**ABOUT THIS EXERCISE:** Transcribe the full listing without changing a word, and omit its pictures.

**INFORMATION SUPPLIED:**
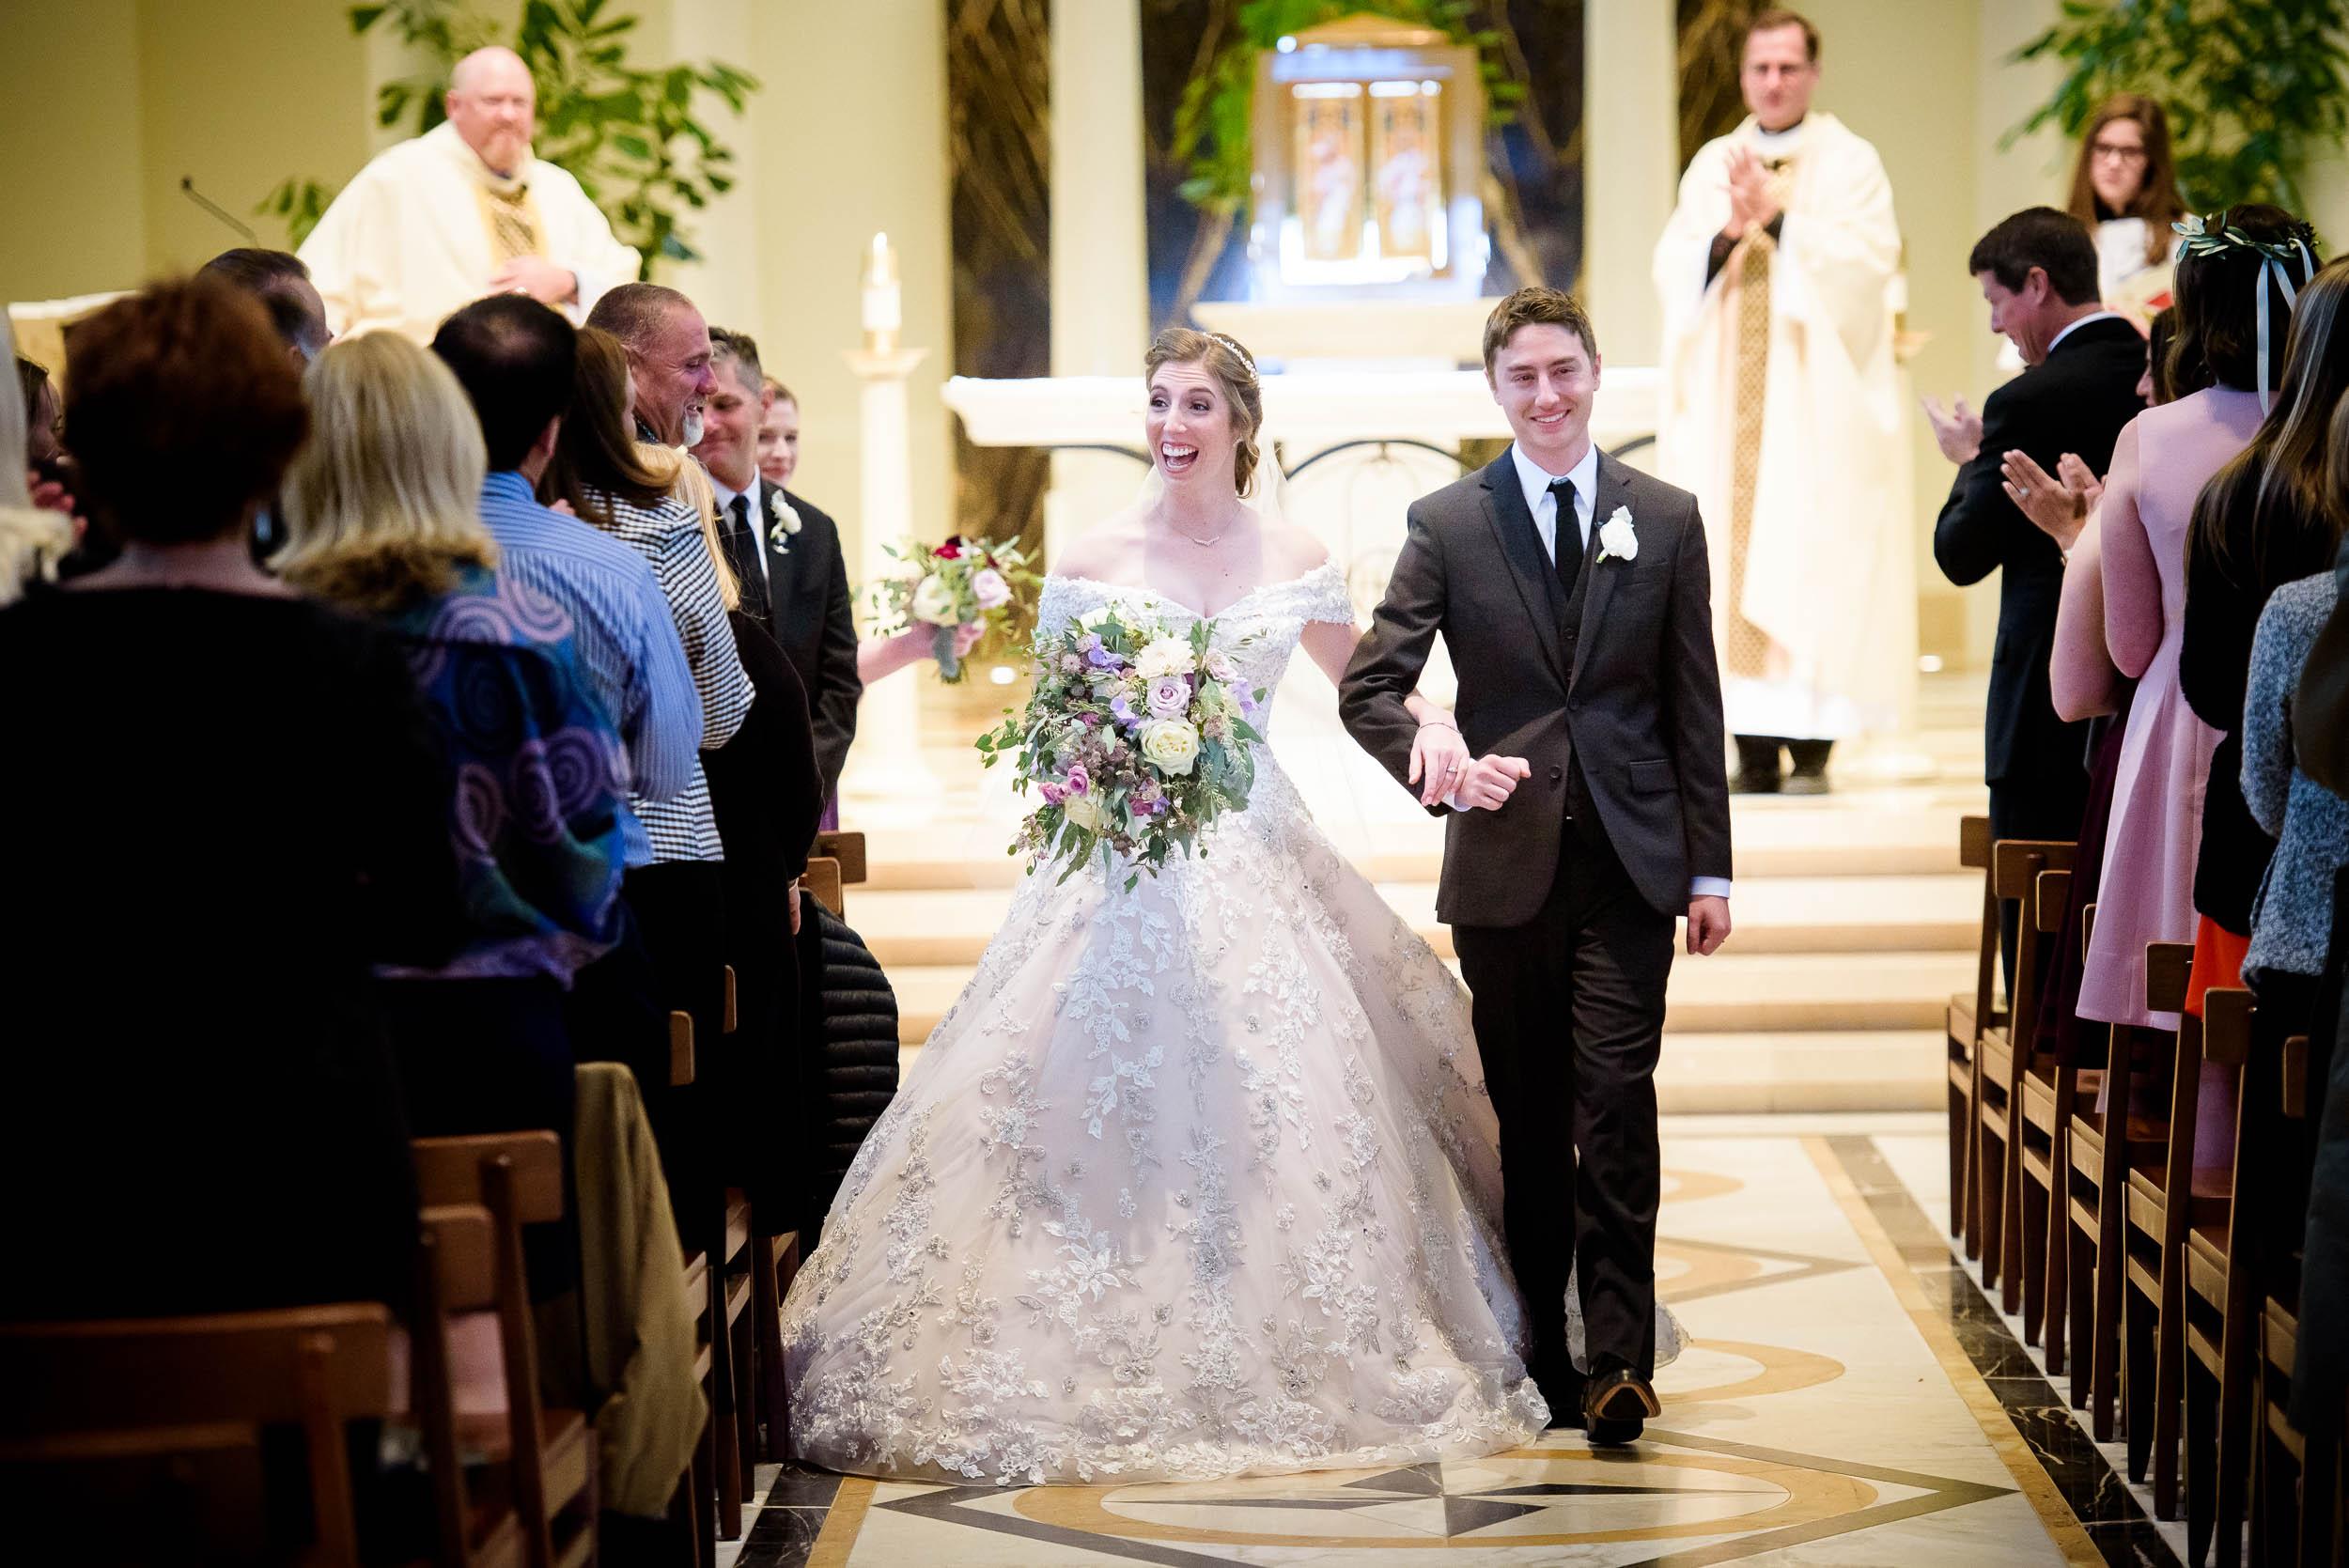 Bride and groom walk down the aisle during a wedding ceremony at Madonna Della Strada.
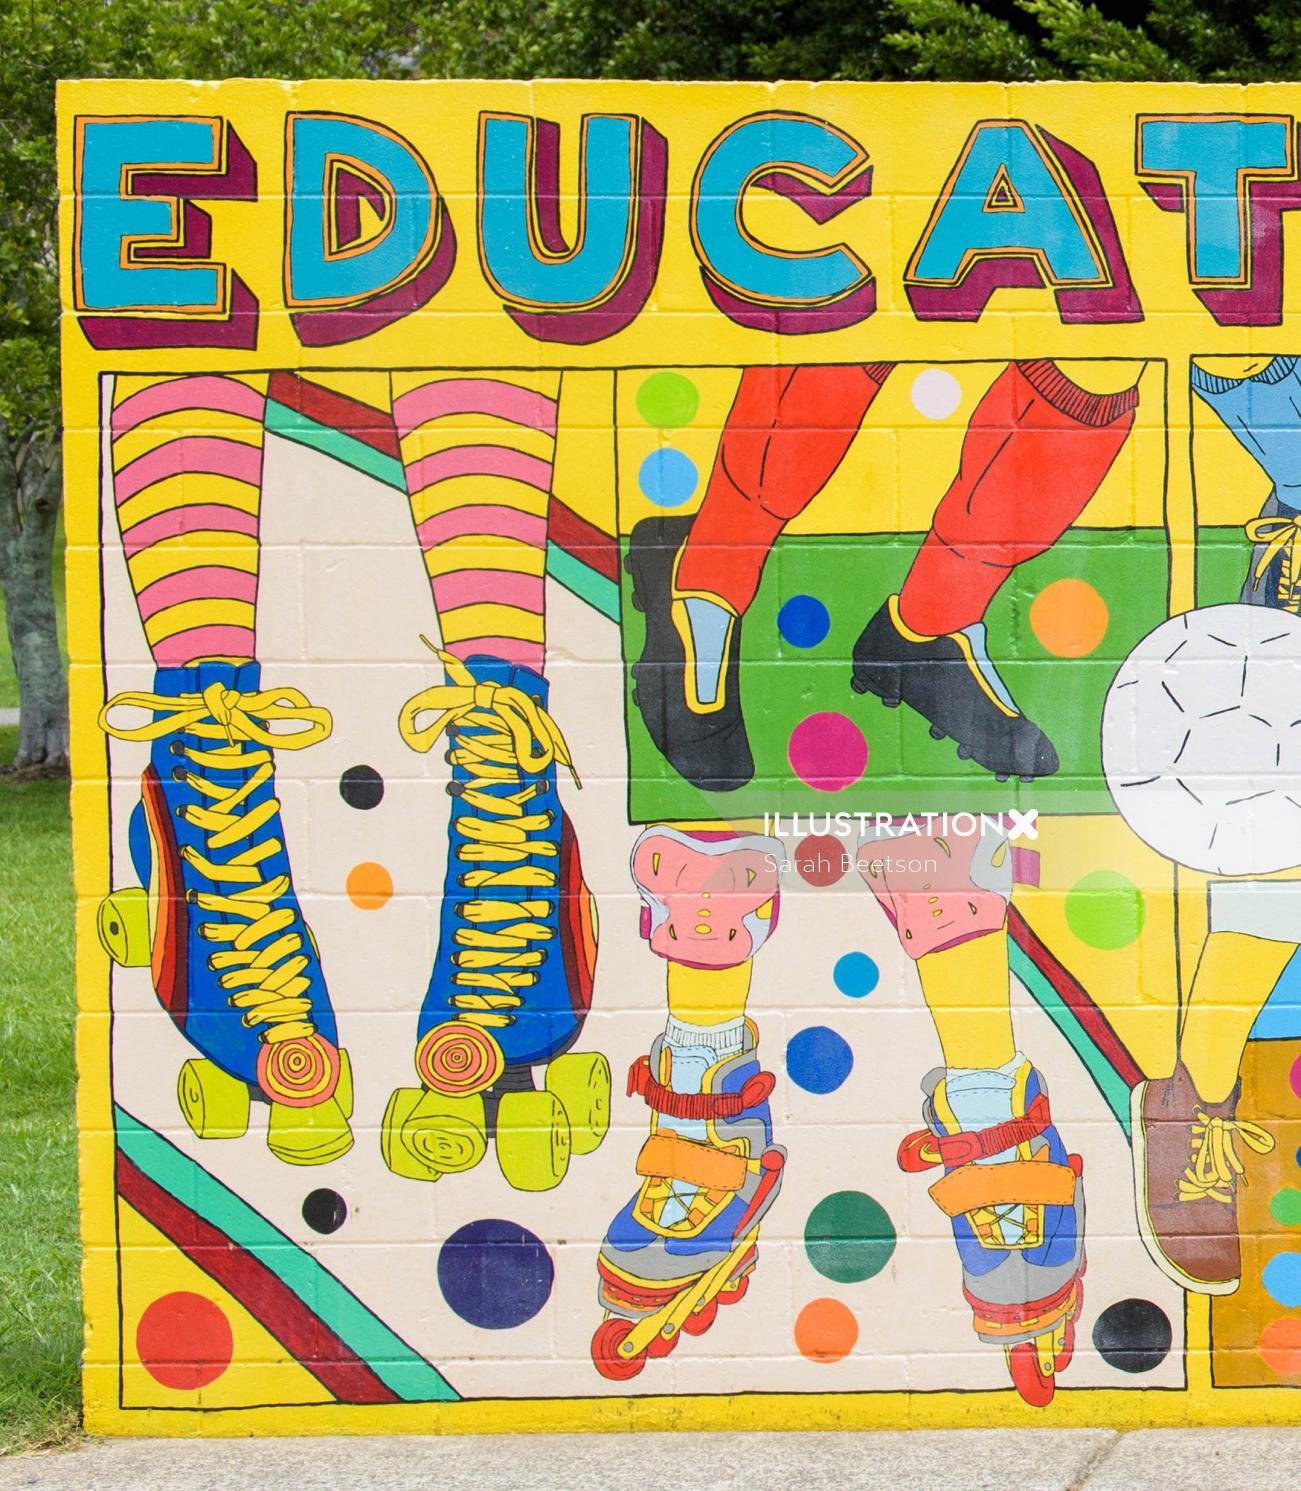 Educate Street art mural
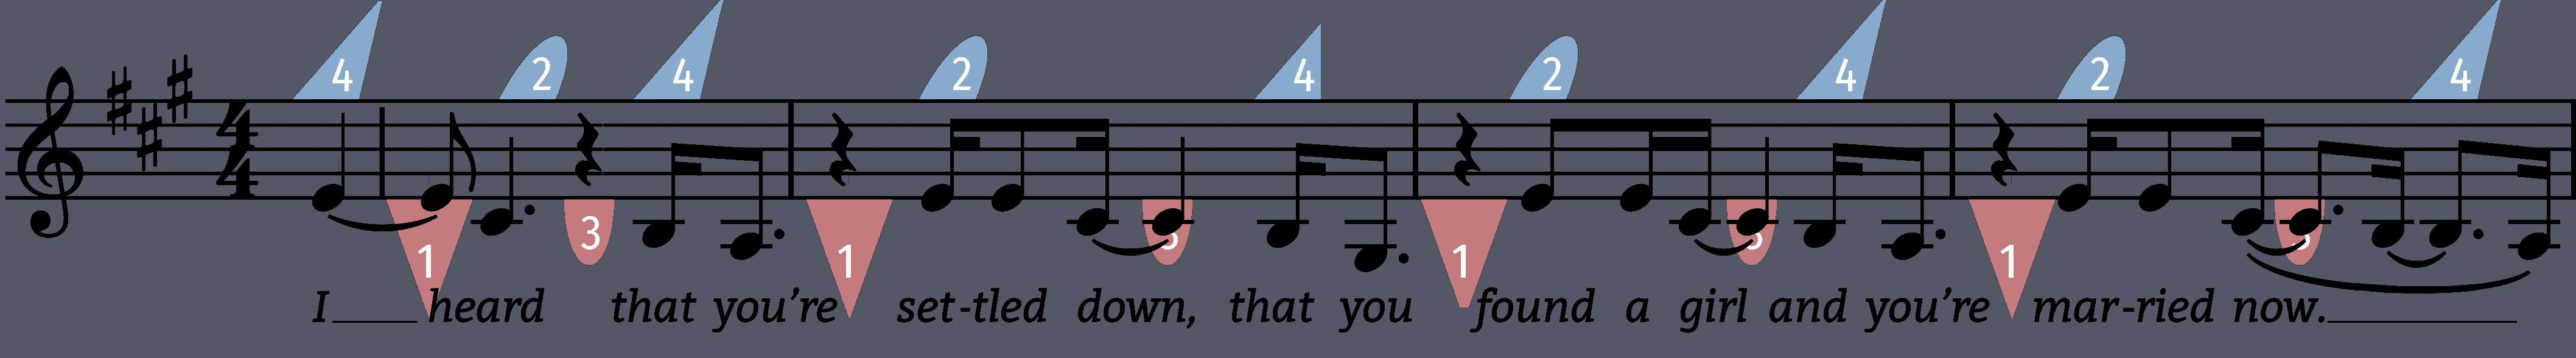 analysis of someone like you

**COMPLETED TASK:**
 Bride and groom walk down the aisle during a wedding ceremony at Madonna Della Strada.
 Educate Street art mural
 analysis of someone like you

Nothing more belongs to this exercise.